Сухарь ткнул ей ладонью в лицо, несильно, чтобы было понятно бабе-дуре. Он смотрел на тельце и не понимал, что тельце не дышит. А когда понял – взвыл. Мима молча меняла юбки, прибирала с полу. Сам не понимая почему, он стал бить ладошкой тельце по попке, сначала легонько, потом сильней, по маленькой, очень маленькой спинке, а Мима ползала по полу с тряпкой. И вдруг ребенок крякнул, и Сухарь увидел, как дрогнули веки – живой, живой!
– Брось его, – сказала Мима.
Он наотмашь саданул жене по лицу, та без чувств упала на пол. Он рвал на ней одежду, вытаскивая из вороха рванья грудь. Ребенок приник к соску, слабо зачмокал. Тут же обделался. Сухарь смотрел на это, у него дрожали руки, у передовика-землероя из глаз текли слезы.
Откуда ему было знать, что на его глазах случился не выкидыш, это были роды. Знала ли это Мима или нет – одному богу известно. Могла и не знать, потому что знала иное: у счетчиц бывают только выкидыши.
Через два дня Мима уползла на работу. Она была здорова, выкидыш случился – на все про все в таких случаях давали два дня, – прогуливать было невозможно. Сухарь заставлял Миму сцеживать молоко, бегал за молочными смесями и кормил сына сам.
Мима же от страха сама была не своя. Она умоляла выкинуть выкидыш, грозила Сухарю, причитая, что им теперь не жить. Что если плод и выживет, то будет уродом. И нельзя, нельзя себя так вести, это против правил, против закона, ведь у счетчиц не бывает детей. На то они и счетчицы.
Сухарь отвечал лишь: заткнись, дура, это мой сын. И Мима в конце концов смирилась.
Но отпуск кончился, двадцать с небольшим дней пролетели в заботах. И Сухарь должен был ехать в дальний тоннель к «Подземным орлам». Понимая, что отъезд неизбежен, что Мима не может не ходить на работу, Сухарь толкнул табурет, на который встала жена, чтобы достать с полки банку крупы. Мима неловко ударилась рукой о край стола – перелом.
– Сиди дома, теперь ты имеешь на это законное больничное право.
Право хоть и было законное, но страх был еще законней. Через неделю Сухаря сняли с тоннеля. Суд был скорый. Вменили укрывательство незаконного ребенка, попытку вырастить урода (разве поспоришь с комиссией, которая в человеческих уродствах разбирается как никто иной), причинение тяжелых увечий жене. На него, Сухаря, до кучи списали пропажу семи мешков скрепок.
Пепел Сухаря должен был витать в облаках, если бы вдруг в округе 1448–1912 не умер трубочист. Приговор изменили, Сухаря выкинули на поверхность, кратко объяснив суть работы и его перспективы, если работой не будут довольны. Стоит ли говорить, что ребенка своего Сухарь больше никогда не видел.
Он редко возвращался в воспоминаниях к тамошнему времени. Словно стопор стоял, помнил только то, что было вчера или сегодня, чем радовала Сиваха, чем удивлял Дрозд. Сейчас же Сухарь лежал на лавках без сна, глядел в темень, слушая сладкое сопение Жилы, и перед глазами появлялась то Мима, то малыш, то улыбающийся бригадир Волоха, сообщивший, отчего-то едва ли не смеясь, что за ним пришли, то судейский чин, мямливший что-то про скрепки и вычищавший из-под ногтей грязь, то замызганные проржавевшие стенки лифта, вынесшего его, Сухаря, на поверхность.

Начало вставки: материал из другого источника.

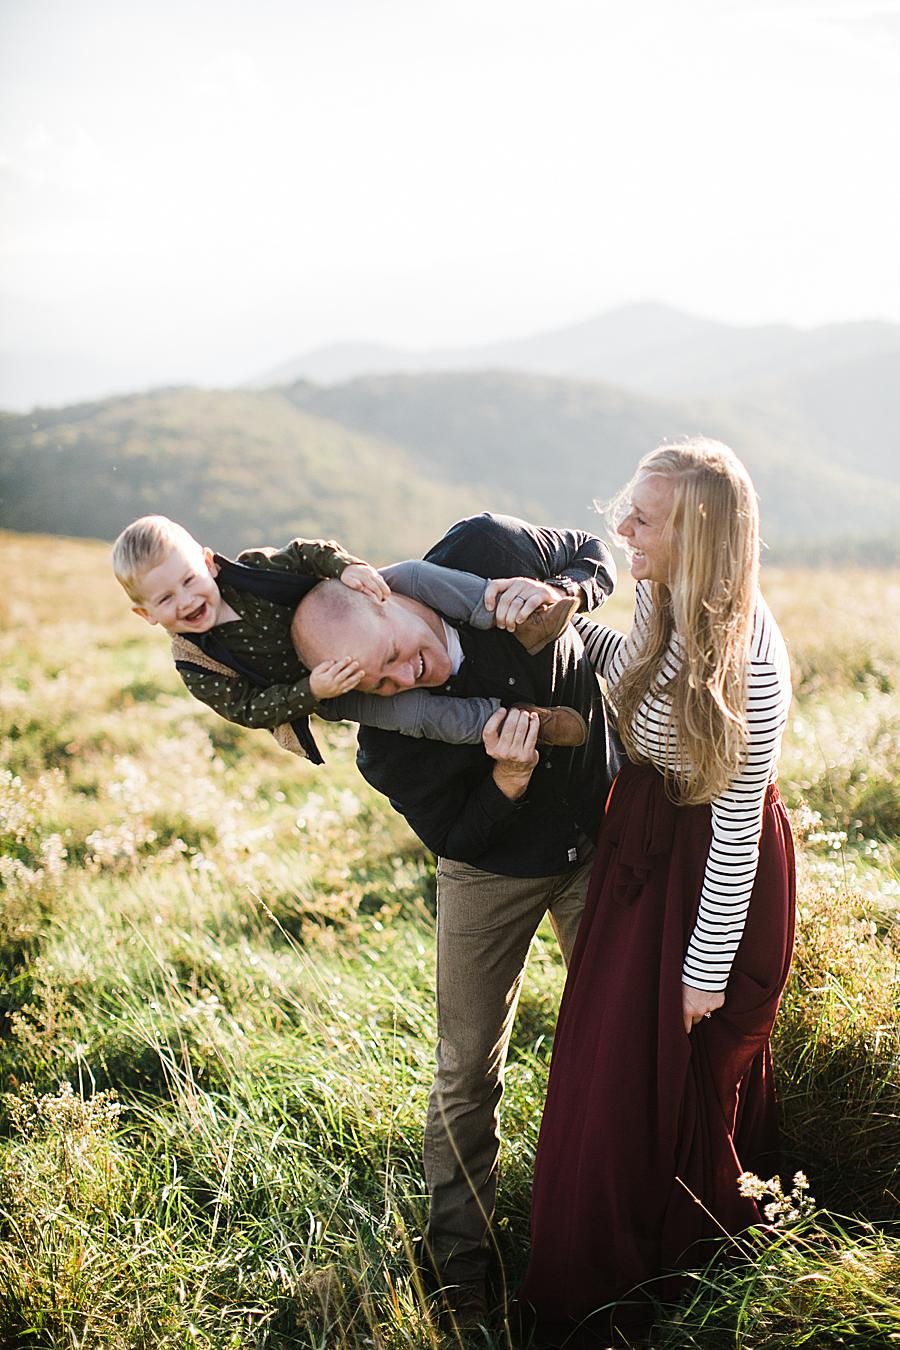 on dad's shoulders at this Family by Knoxville Wedding Photographer, Amanda May Photos.

Сухарь встал, нащупал спички, зажег керосинку, прибрал пламя, отодвинул рукой одеяло, разделявшее землянку надвое. Он смотрел на счастливое во сне лицо Жилы.
«Дочка», – вдруг подумалось ему. Он испугался этой мысли, дунул в лампу, загасил пламя и снова лег.
Но не спалось. Что с ней будет здесь? Что за судьба? Стать еще одной Сивахой? Поворачивать свои телеса то в одну сторону, то в другую? Вопросы, как их ни мусоль, ответы все равно не придут.
Проворочался остаток ночи, встал намного раньше обычного, тихонько оделся, сунул в сумарь галет да банку мясного паштета. Затемно ушел. Прямиком к 2514-й. Той, что на границе округов Слепня и Сивахи.
Пришел еще светать не начало. Отыскал дыру, где лифт на поверхность выскакивал. Сел возле, достал галеты, банку вскрыл – завтрак всухомятку, медленный, неспешный. Остатки быстро заглотил, когда хлопнул люк. Подскочил, по сторонам глядючи: нет ли кого?
Никого. Быстро руки погрузил в контейнер, перебирает: жрачка – не то, коробочка с лекарствами – мимо, черпаки и ершики – в сторону. Вот, вот, вот они.
Сухарь вытаскивал шмотки, которые пришли Сивахе, перебирал – цветные, красивые, наверно, Жиле понравятся. Однако в этих просторах бабских не только Жила, но и он, Сухарь, утонет, исчезнет, потеряется. Ничего, иголка с ниткой есть, не может быть такого, чтоб с простой тряпкой не управились. Выбрал самую красивую: с цветами красными, с солнцами желтыми, свернул, в сумарь сунул. Остальное как мог аккуратно сложил обратно в контейнер. Все, кажись. Никого вокруг. Сиваха-то поспать любит, ей все едино трубы чистить не надо, не припрется сюда. Охотников до ее труб хватает. А Слепень утро любит, хоть и рано еще, побыстрей отсюда, побыстрей.
Что-то вроде уже брезжило за восточным горизонтом, впрочем, рассветом этот жидкий просвет не назовешь. Не темень непроглядная, но и не утро настоящее.
На кровати разложил обновку, прямо поверх одеяла, под которым видела сны Жила.
Когда совсем рассвело, в землянку ввалился Слепень. Поскользнулся на ступеньках, вкатился внутрь, отчаянно матерясь. Жила еще спала, но проснулась тут же, услышав грохот, захлопала сонными зенками, а руки уже в тряпку цветную вцепились.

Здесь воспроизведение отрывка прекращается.